# DATA PROVIDED
● ● ● ● ● ● ●

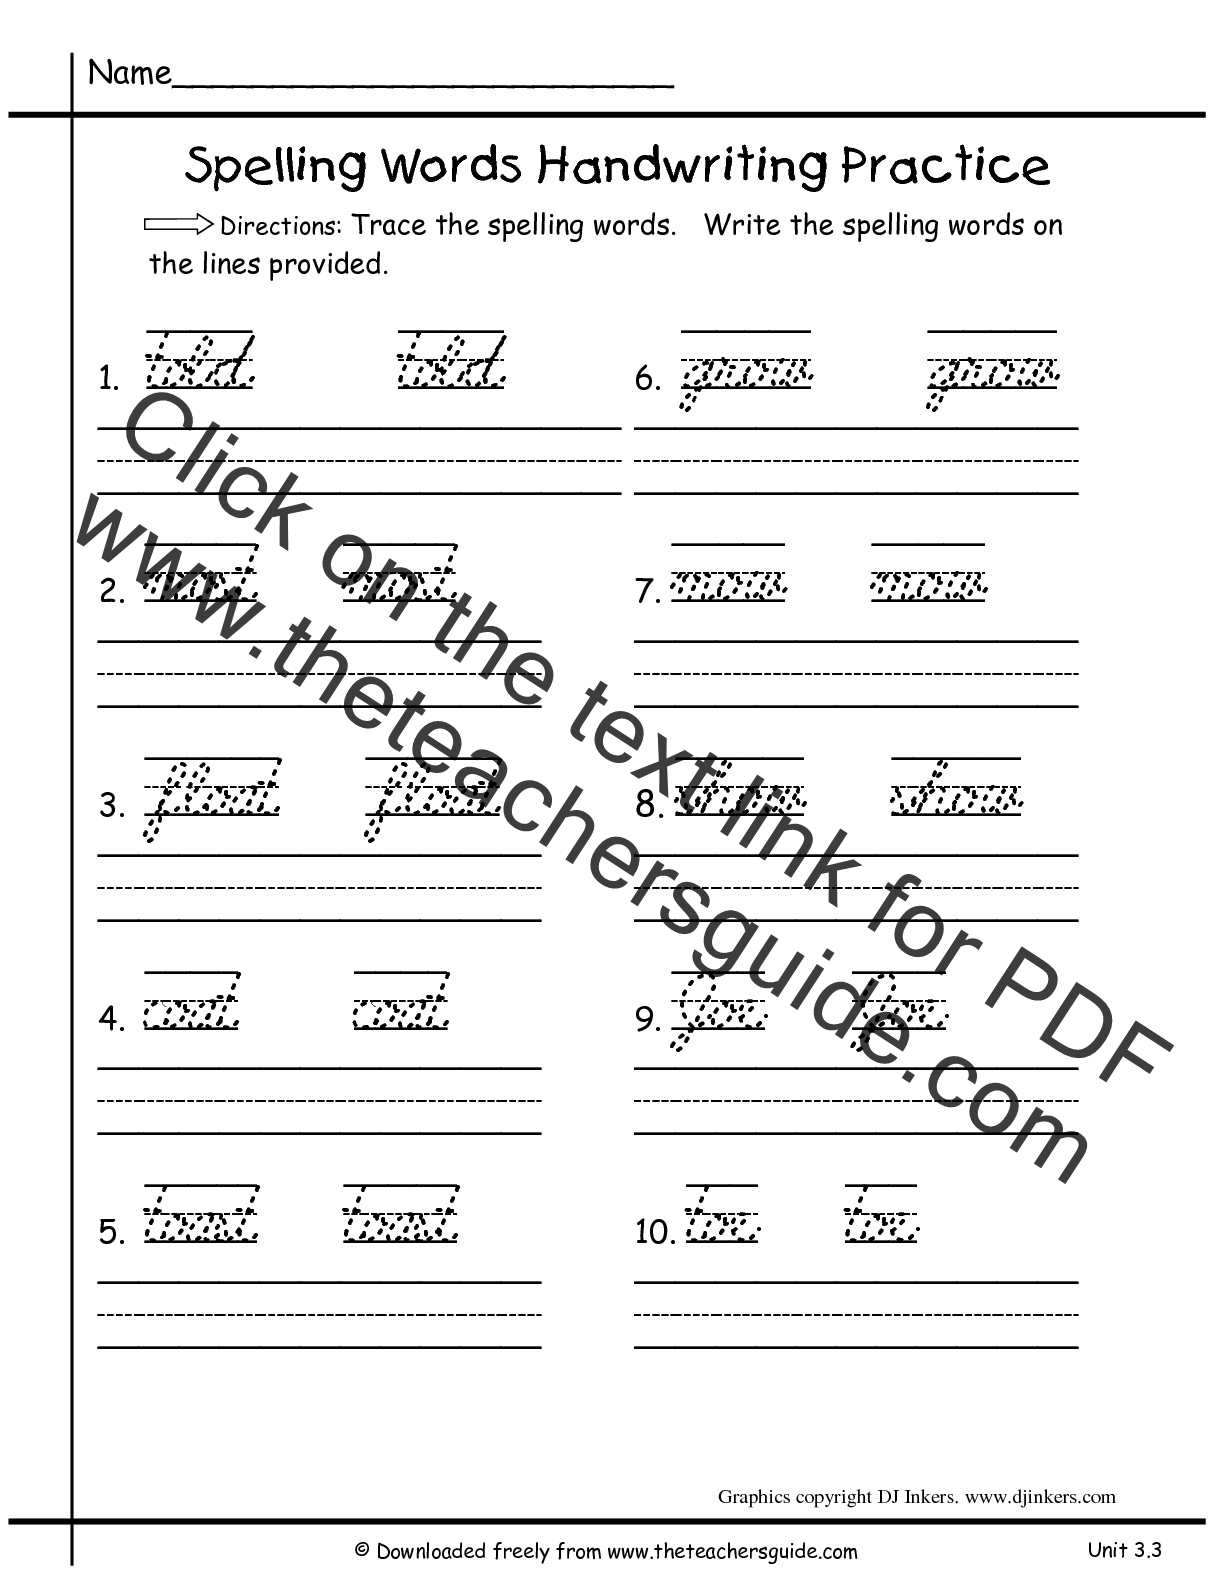 Handwriting Practice Worksheet by DJ Inkers
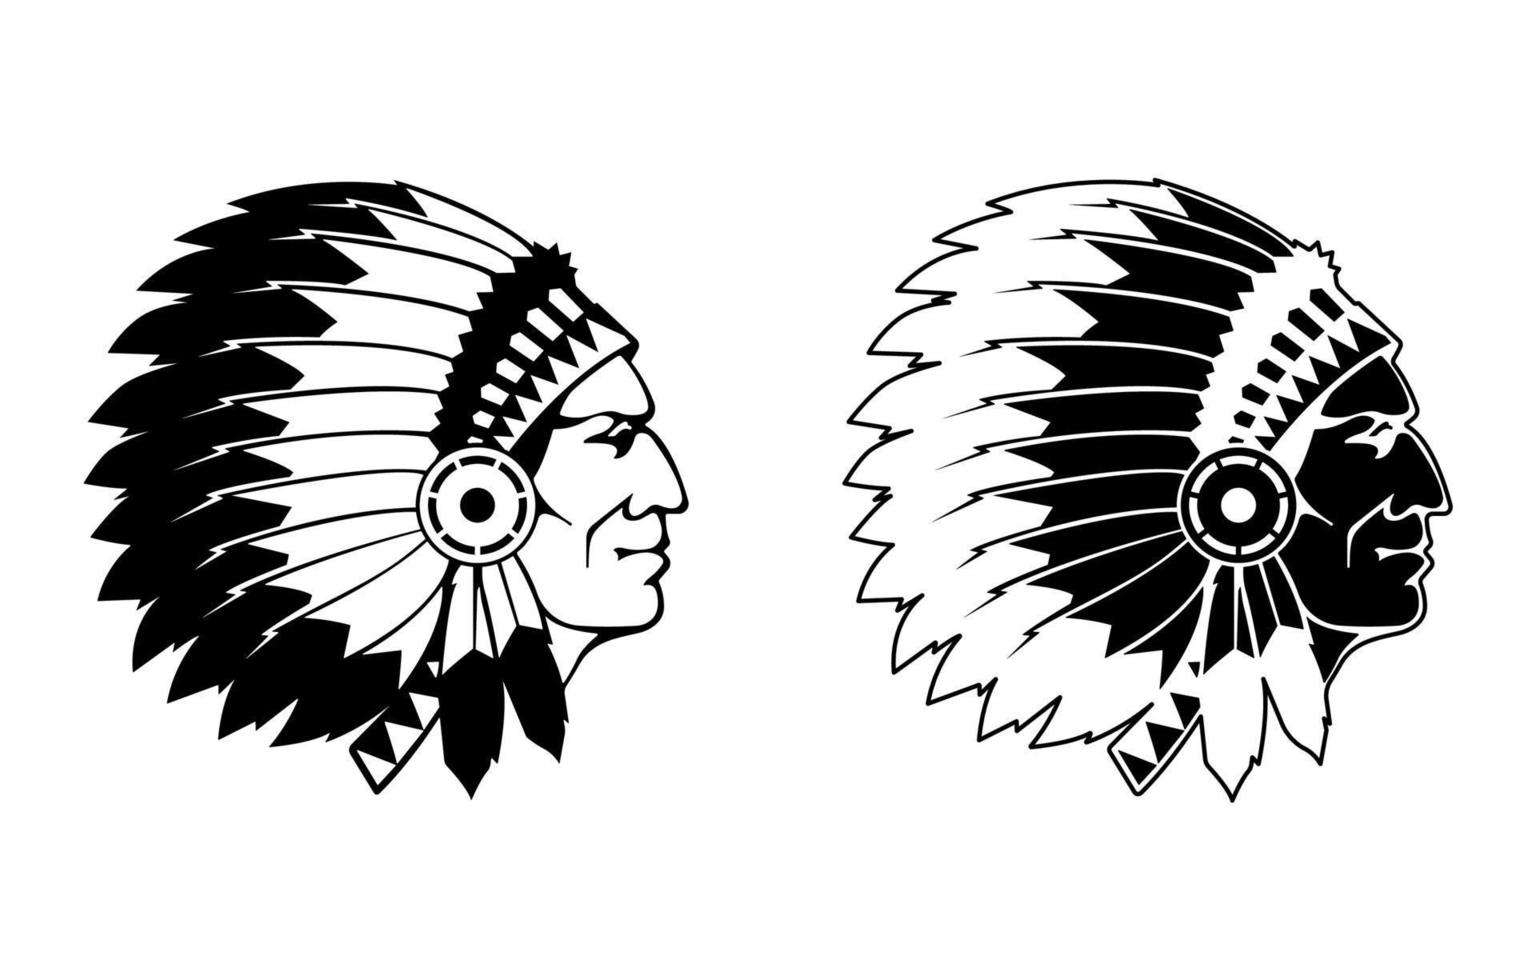 cara de jefe nativo americano, ilustración de silueta de cabeza de apache indio americano. vector
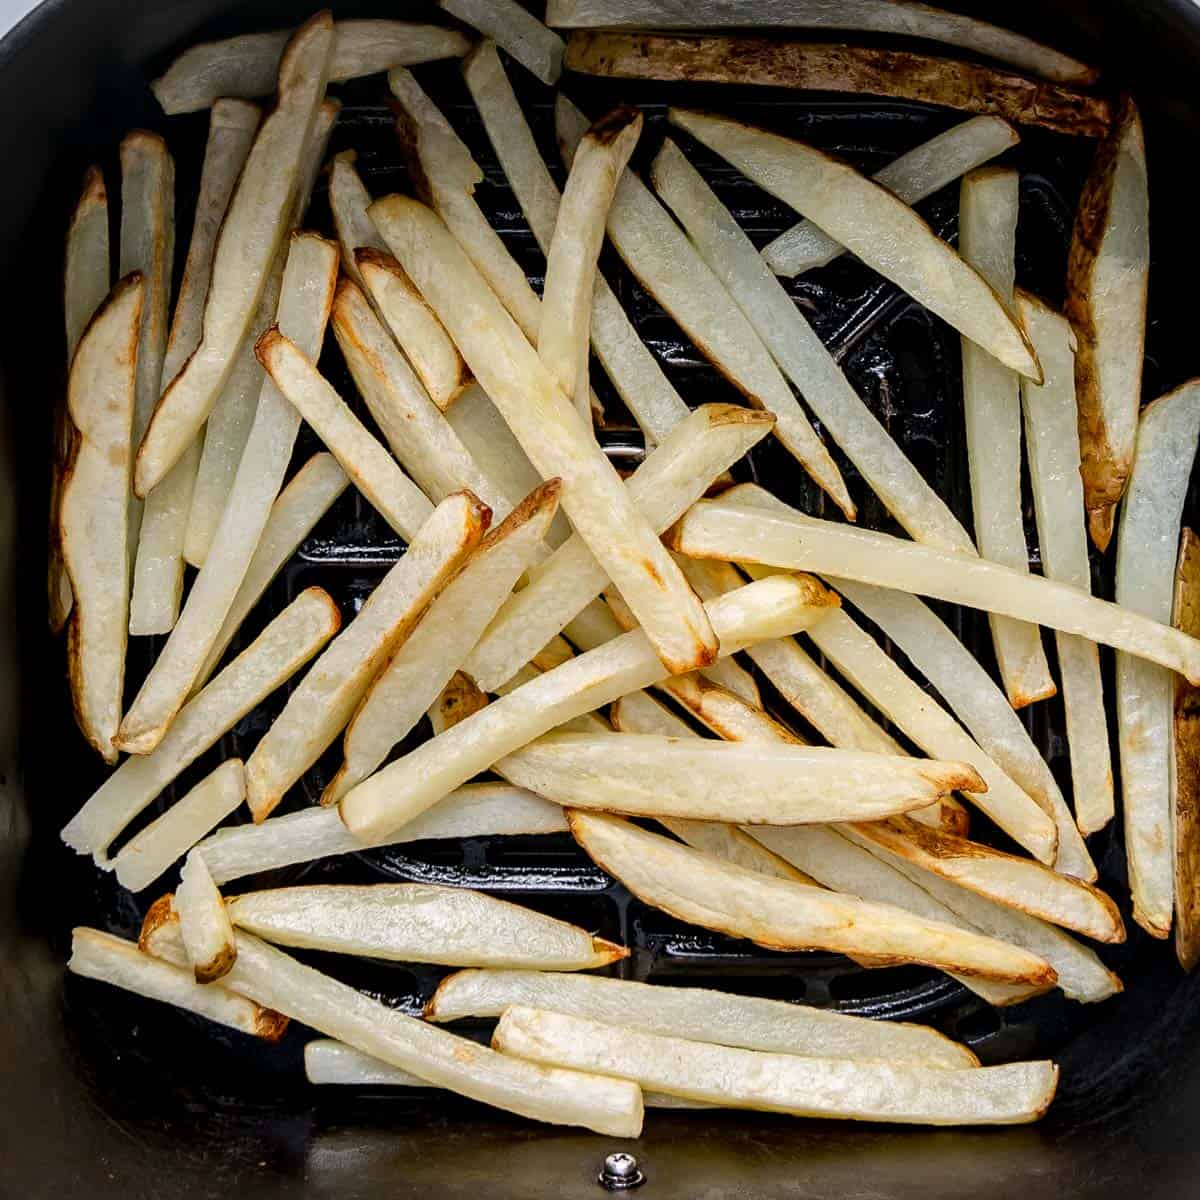 Fries in the air fryer basket.

● ● ● ● ● ● ●

# HOW TO COMPLETE THIS TASK
Quote, please, only the lines running from the one with "cara de jefe" down to the final line of the data above, keeping both ends and skipping the pictures.

# ANSWER BOX
 cara de jefe nativo americano, ilustración de silueta de cabeza de apache indio americano. vector
 Fries in the air fryer basket.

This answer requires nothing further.